Knowing what the public think

“Digital technology is making the ‘Smart City’ more inclusive, improving its citizens’ comfort, solving problems more efficiently and making the most of the economic development opportunities it brings,” explains Laurent Auguste, Veolia Senior Executive Vice President Innovation and Markets. The French company offers cities special software tools: Urban Board provides decision-making aids for administrators by consolidating technical and social indicators. It links municipal services in the fields of mobility, safety and security, cleanliness and the environment with the expectations of the public. The tool analyses posts and comments in social media in order to survey public opinion. Based on the results, the administration can fine-tune the technical infrastructure of the city to better meet citizens’ expectations.

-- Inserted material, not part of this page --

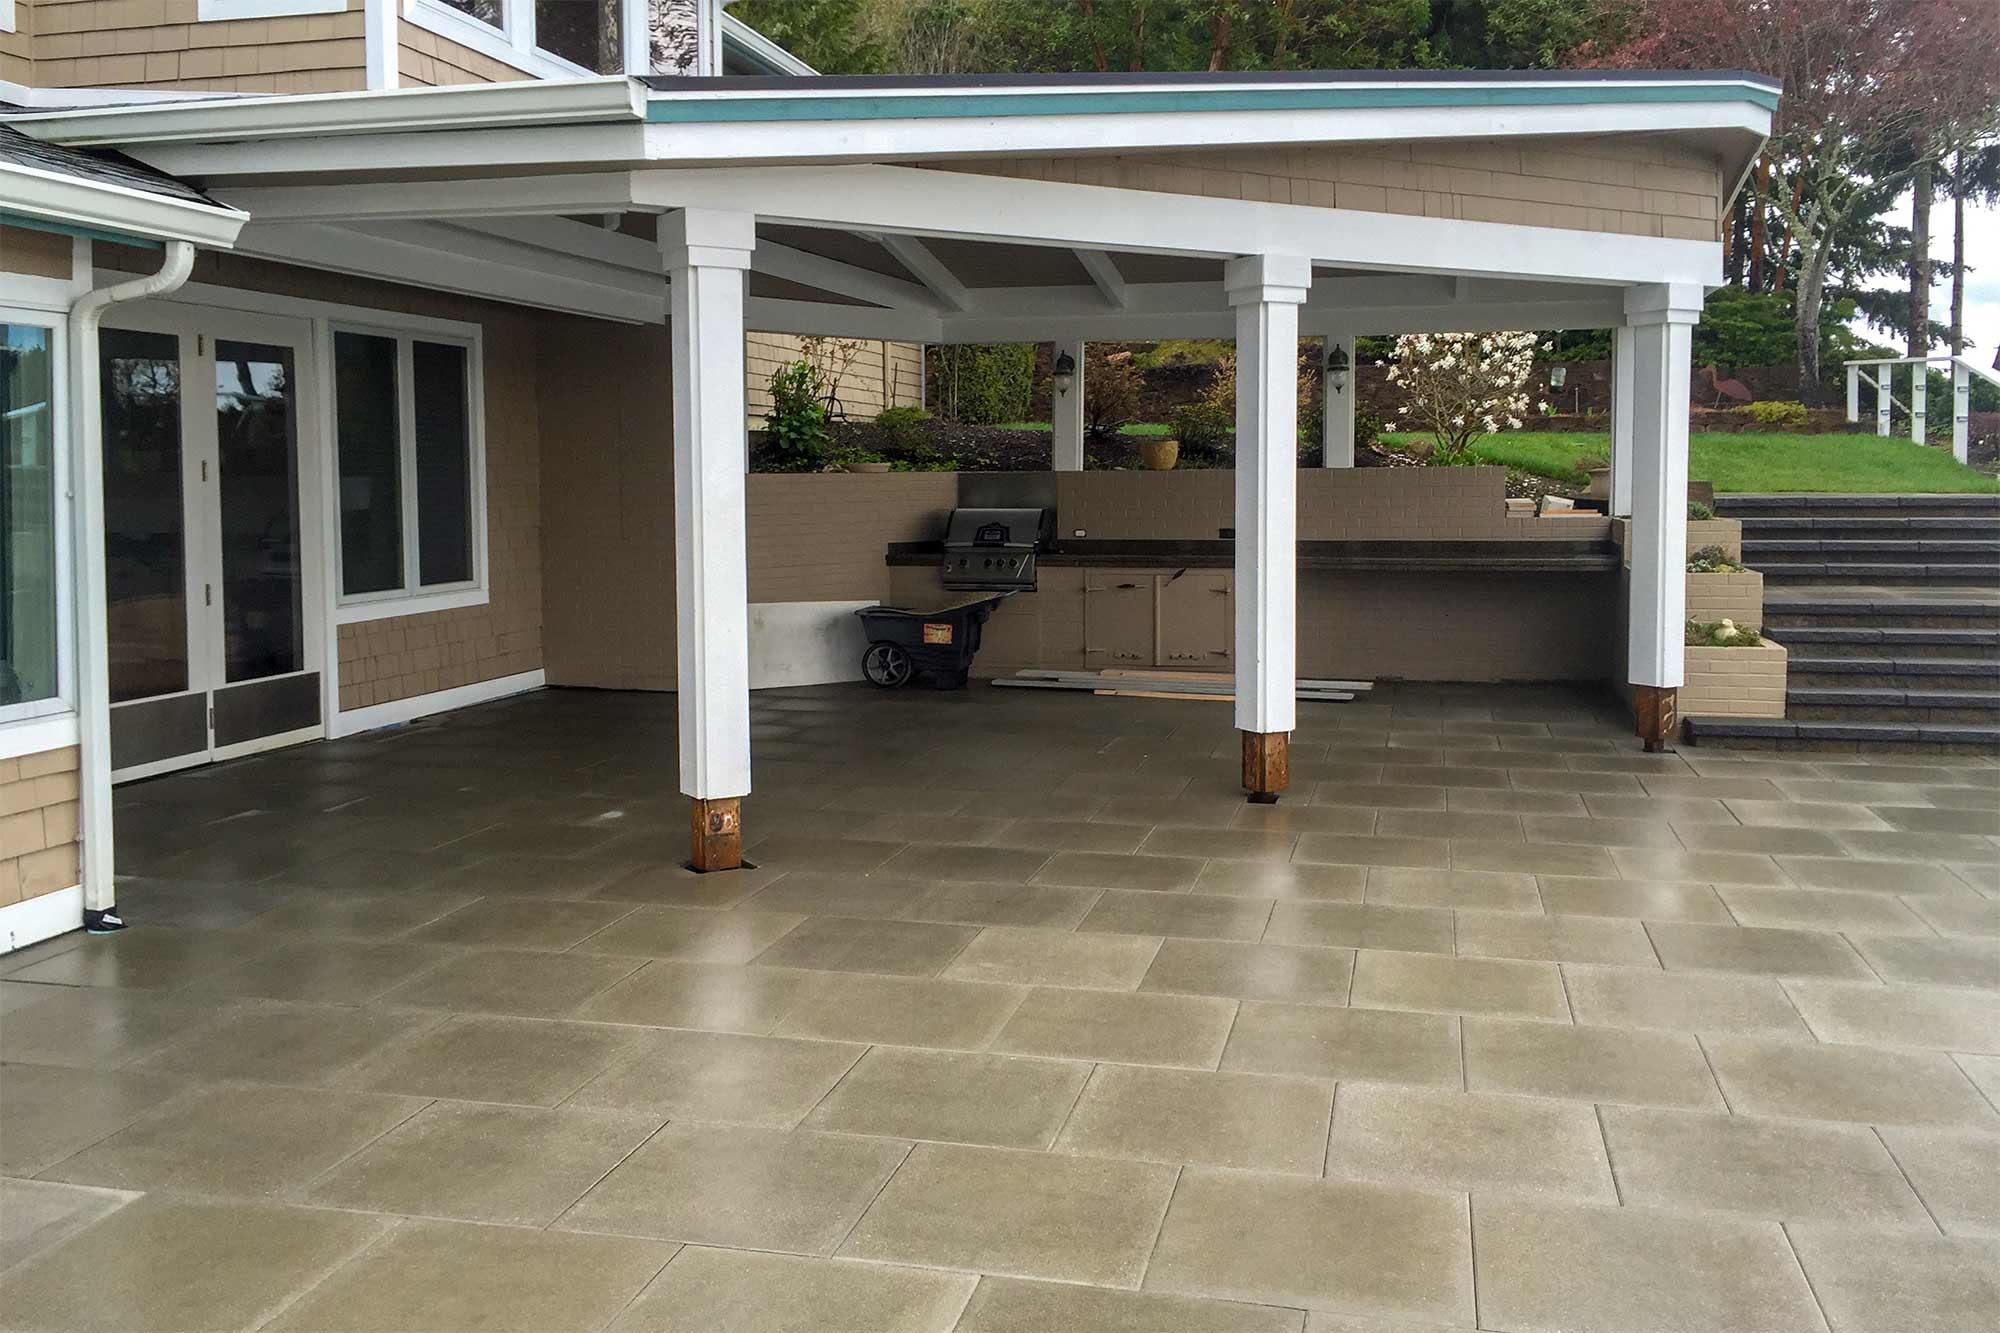 Vancouver Bay paver patio
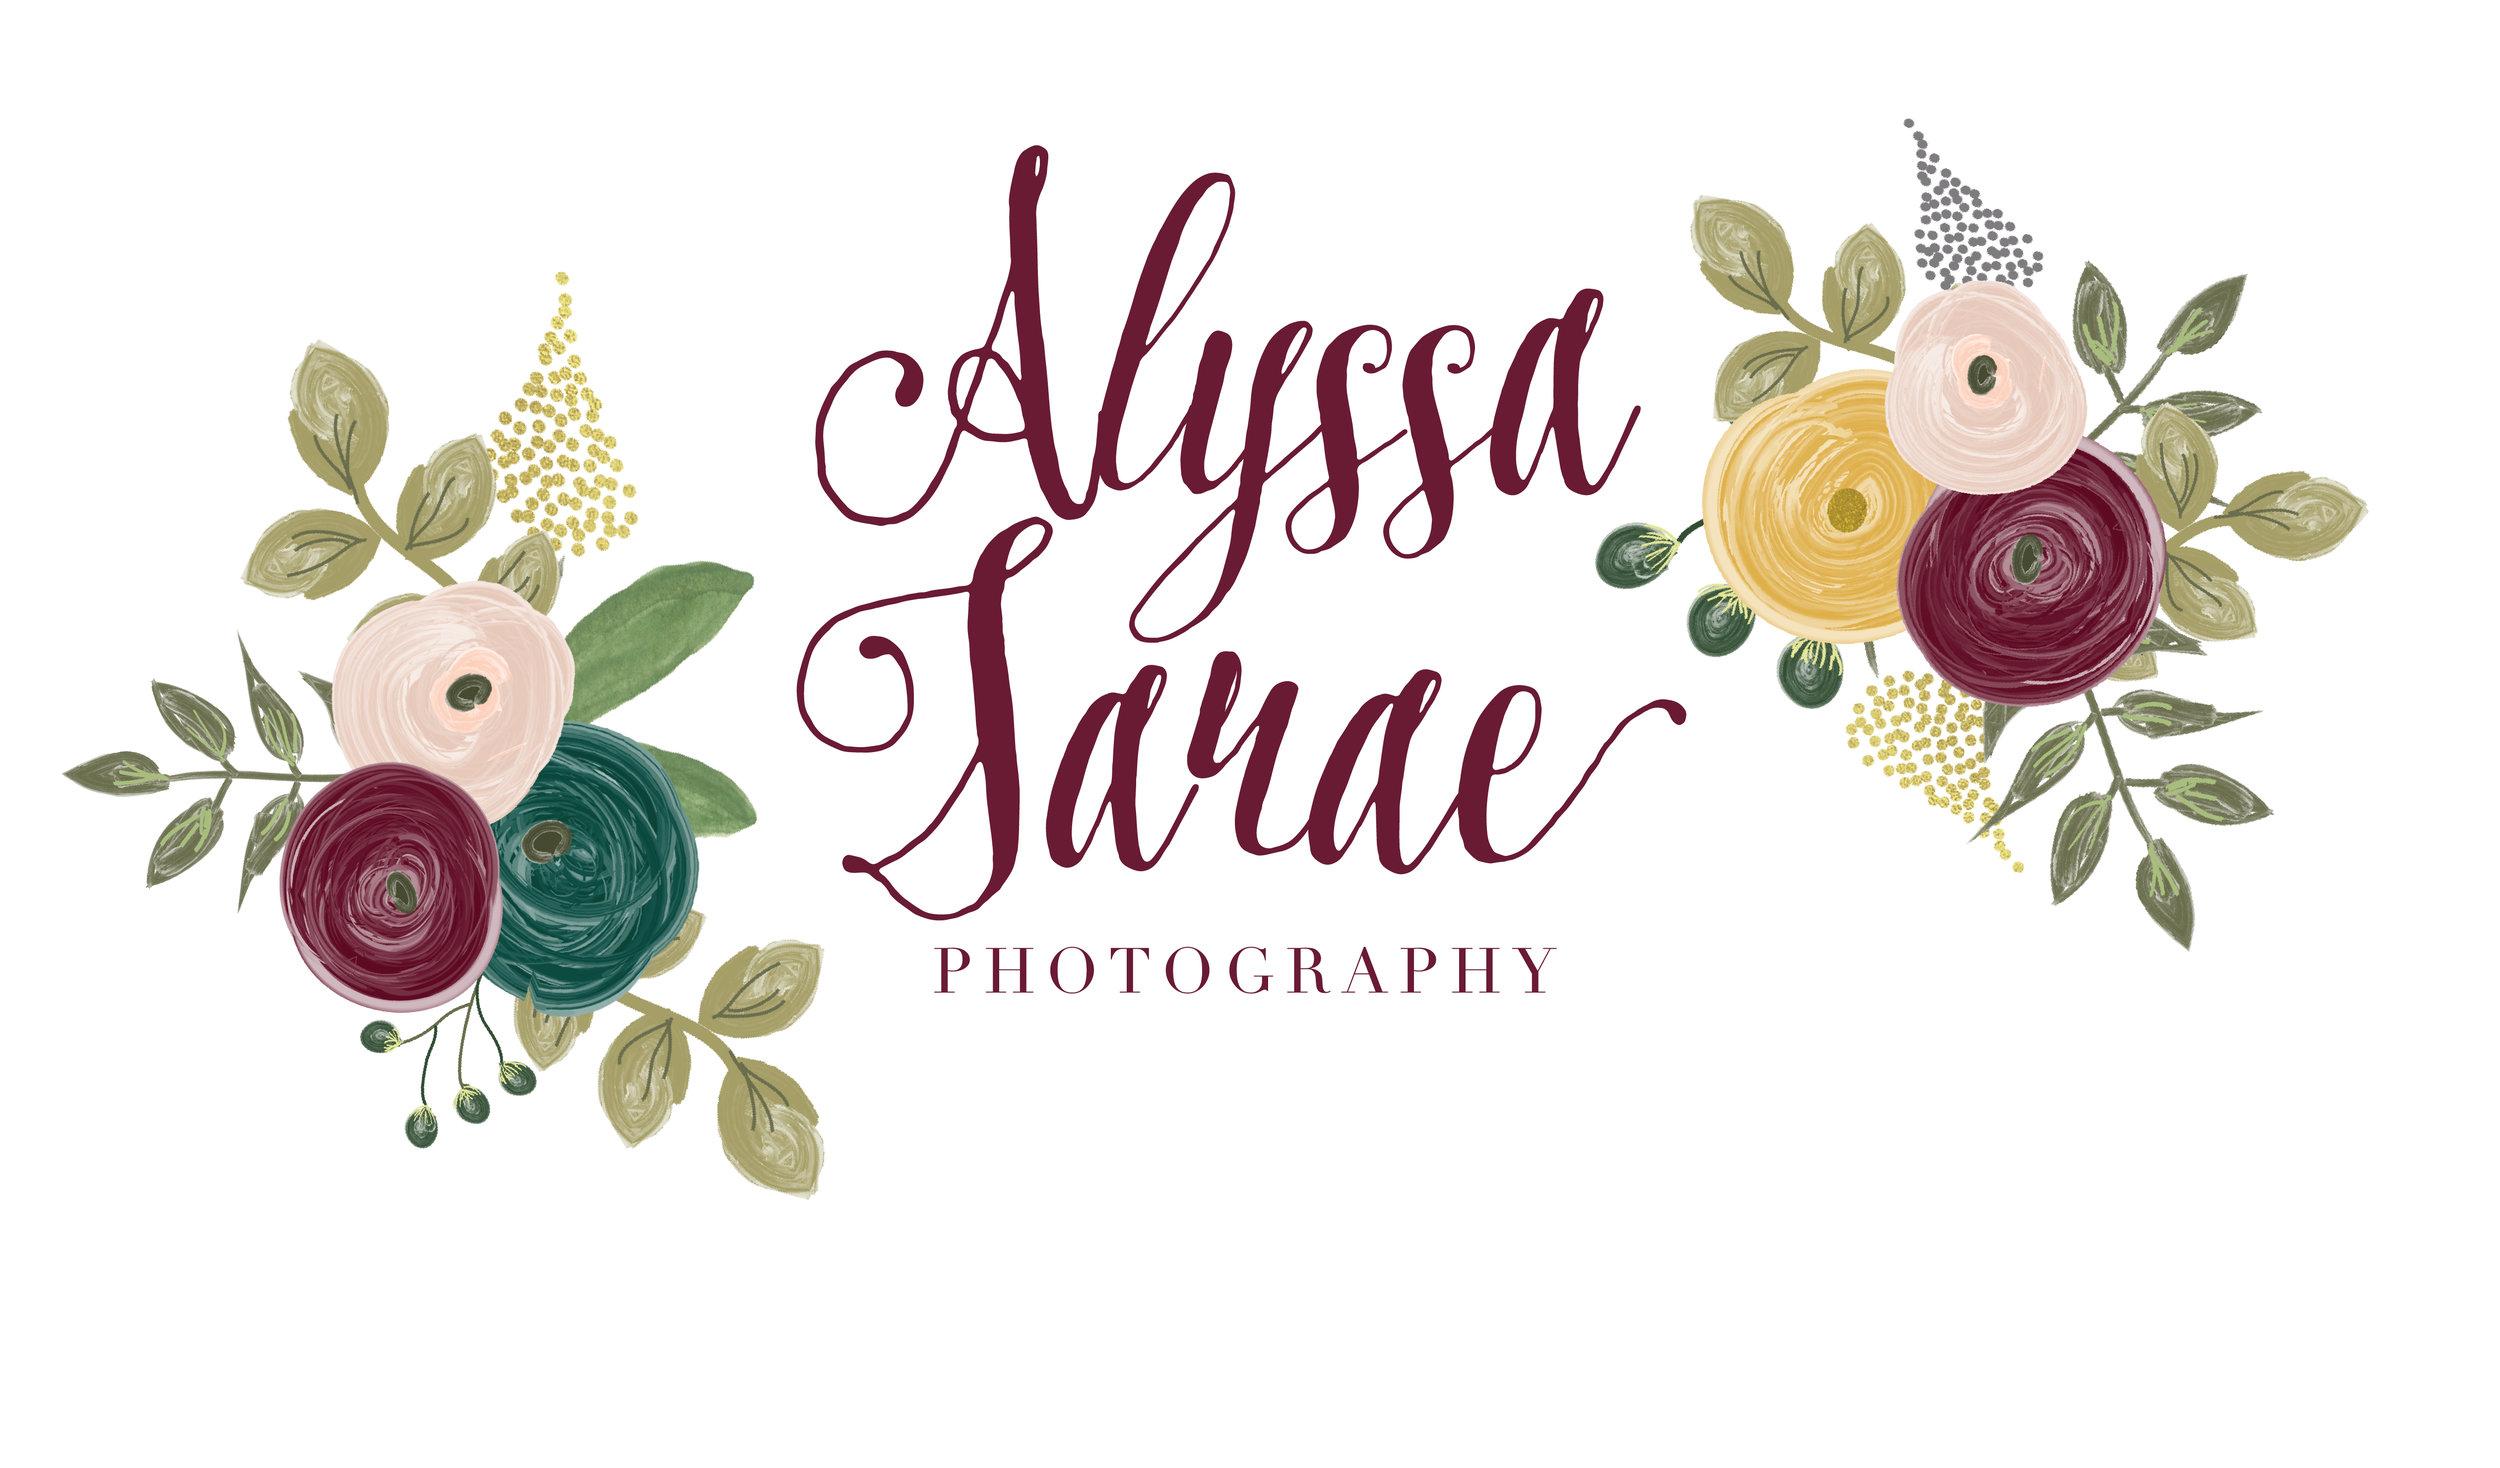 Alyssa Jarae Logo with Accents.jpg

Interacting with the city administration

The Urban Pulse app provides residents with smartphone access to freely available information about their city in real time. It also enables them to use services such as car-sharing, or to travel more efficiently around the city by calculating the optimum connection between two points – incorporating all potential means of transport and always based on timetables updated in real time. They can get information on air pollution, enabling them to choose the cleanest means of transport. They can also use the app’s GPS functionality to meet up with friends more easily. And residents can use the app to report defective municipal facilities, bad smells, fly-tipping and other issues on the relevant website. The public thus has a means of communicating directly with the administration, and thus helping to improve the quality of life in their city.